Selected IVLE services affected by database maintenance on Saturday 7 April from 0300 hrs to 0700 hrs

The following IVLE services will be unavailable on Saturday 7 April from 0300 hrs to 0700 hrs (4 hours) due to maintenance:

  • GEM Module Listing
  • IVLE Profile Page
  • IVLE Gradebook Import
  • Modules Taken
  • NUS IT Care Admin Module

Please contact the IVLE Team for any enquiries.

We apologize for any inconvenience caused. Thank you for your understanding and cooperation.

Various services affected by server relocation, from Friday 6 April, 2000 hrs to Monday 9 April, 0800 hrs

The following services will be disrupted from Friday 6 April, 2000 hrs to Monday 9 April, 0800 hrs (60 hours) due to server relocation.

  • IVLE Multimedia (non-streaming media viewing & uploading)
  • nuscast.nus.edu.sg (Webcast Events)
  • emodule.nus.edu.sg
  • staffpages.nus.edu.sg
  • courses.nus.edu.sg (k:\ drive)
  • courseware.nus.edu.sg
  • breeze.nus.edu.sg
  • screencast.nus.edu.sg (Camtasia Relay Uploading)

If you have any queries, please call IT Care at 6516 2080.

We apologize for any inconvenience caused, and thank you for your understanding and cooperation.

Selected IVLE services affected by database maintenance on Saturday 24 March from 0300 hrs to 0700 hrs

The following IVLE services will be unavailable on Saturday 24 March from 0300 hrs to 0700 hrs (4 hours) due to ISIS maintenance:

  • GEM Module Listing
  • IVLE Profile Page
  • IVLE Gradebook Import
  • Modules Taken
  • NUS IT Care Admin Module

Please contact the IVLE Team for any enquiries.

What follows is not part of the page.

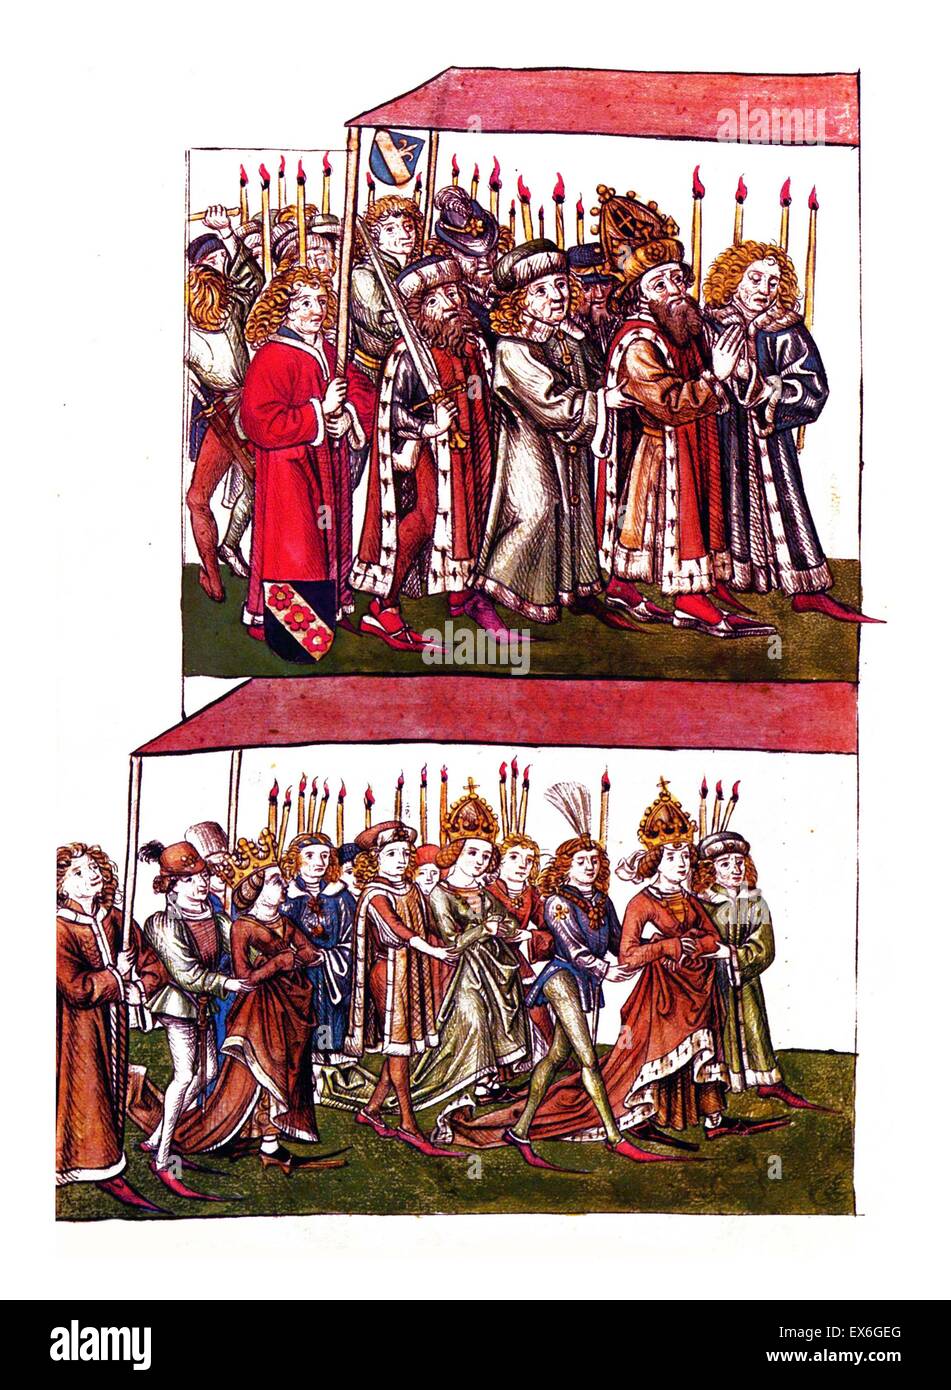 Sigismond et Barbara de Celje au concile de Constance. Sigismond de Luxembourg (14 février 1368 - 9 décembre 1437) Le Saint Empereur Romain de 1433 jusqu'à 1437. Le Concile de Constance est le 15ème siècle concile œcuménique reconnu par l'Église Cathol Banque D'Images

We apologize for any inconvenience caused. Thank you for your understanding and cooperation.

Summary of findings on IVLE disruption on 9 March 2012

Introduction

There was a data center exercise scheduled on the 9 March, 2000 hrs till 12 March, 0800 hrs. During this exercise, all servers in the data center had to be powered off. As IVLE has certain infrastructure redundancies built into it, it is generally resilient to such exercises, and they do not affect the running capabilities of IVLE in any way.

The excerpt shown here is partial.